In particular, like Johannes said, doing a PhD is notoriously hard on mental health for a number of reasons, even at a more-supportive-than-average lab. So to the extent that they teach 'taking care of your mental health' and 'staying motivated when you're lost', it's often by throwing you into stressful, confusing work situations without great resources and giving you the degree if you figure out how to navigate them.
I have not done a PhD. But my two cents here are that none of these skills seem very teachable, by traditional teaching methods. I would be surprised if people try to teach modern half of these things explicitly in a PhD. And I don't expect that they will teach them very well. I expect that you will need to figure out most of these things yourself. I have heard that most PhD students get depressed. That doesn't sound like they have good models of how the mind works and how to take care of their mental health. Though all off it depends on how good the people around you are of course.
Thanks for writing this, I generally agree with most of the points. Detailed commentary below:
It also consistently surprises me how little people in the SERI MATS cohorts read. E.g. I used to read 1-2 papers a day in decent detail as a grad student, and even now still read 3-5 a week. (I probably spent 1+ hour a day reading on average.) Would recommend doing a lot more of it, especially in adjacent fields.
In addition to gaining more knowledge, reading widely also helps a lot with research communication skills.
I don't think I'm the mentor listed, but I have read everything on all three of Paul's blogs (ai alignment, sideways view, and rational altruist) and did find it pretty valuable.
That being said, I wouldn't recommend reading ~all of the three blogs. I think there's quite strong diminishing marginal returns after the first one or two dozen posts. My guess is reading more of the academic coursework or mainline results for areas people are interested in is far more valuable at that point.
I agree that these are pretty malleable. For example, about ~1 year ago, I was probably two standard deviations less relentless and motivated in research topics, and probably a standard deviation on hustle/resourcefulness.
(That being said, if you asked me a year ago what my main problem is, I'd probably have said low motivation/executive function, and not "I'm not smart enough".)
Interesting!
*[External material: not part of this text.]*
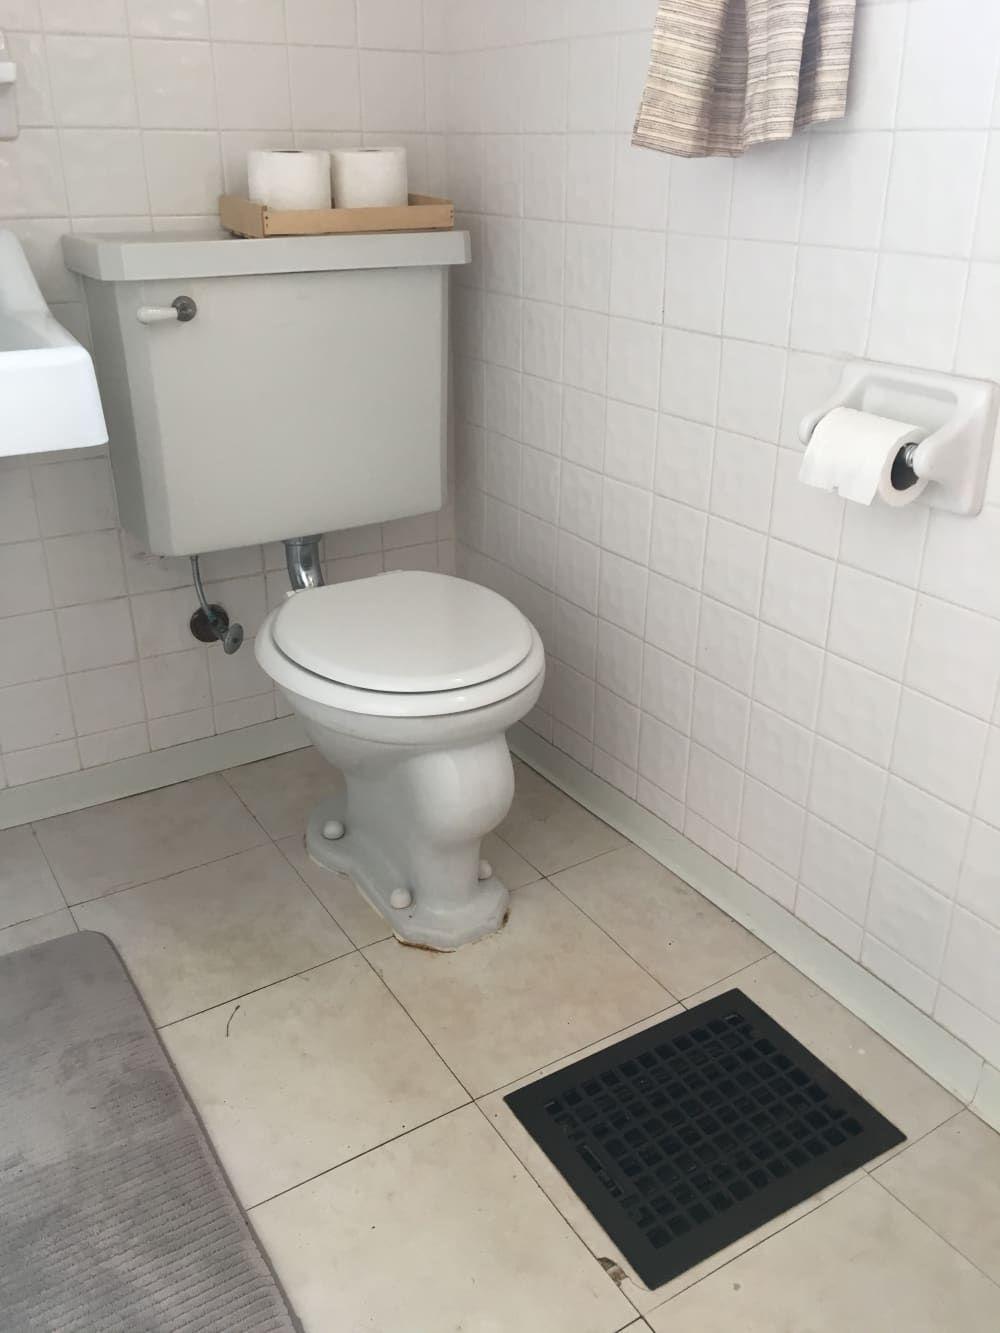 This 50 Temporary Flooring Floats Right Over Rental Bathroom Tile Rental Bathroom Luxury Vinyl Tile Temporary Flooring

Would be very curious to hear if there were specific things you think caused the change.
I'm pretty sure I'm the person being quoted here, and I was only referring to https://ai-alignment.com/.
This post did something strange to my mind.
I already thought that thinking about the problem yourself is important, and basically required if you want to become a good researcher. At least that was the result of some explicit reasoning steps.
However I then talked to a person about this, and they told me basically the opposite. That it is not required to think about the problems yourself. That is okay to dedicate this thinking to other people. And that's these people probably know better what to do than you, as they have already thought about it for a long time.
This did not sit well with me. However now I realize that some part of my brain was convinced to some degree by this argument. Now that my brain feels validated, for thinking the (likely) correct thing. Now in some sense I believe again that thinking about the problem yourself is a really important part of becoming a researcher. And that makes it easy to see, that I did not do it enough.
I guess I should be a lot more careful, about what other people put in my brain.
One other quality I'd add: Emotional stability, even in the face of things not adding up to normality.
One big thing that all Alignment researchers should have (including junior researchers) is the ability to be able to make sure they can emotionally accept that sometimes, things don't add up to normality, and that in a field like alignment, they will need to be able to at least in theory accept that the world may be doomed, but that shouldn't break them or have their emotions make things worse.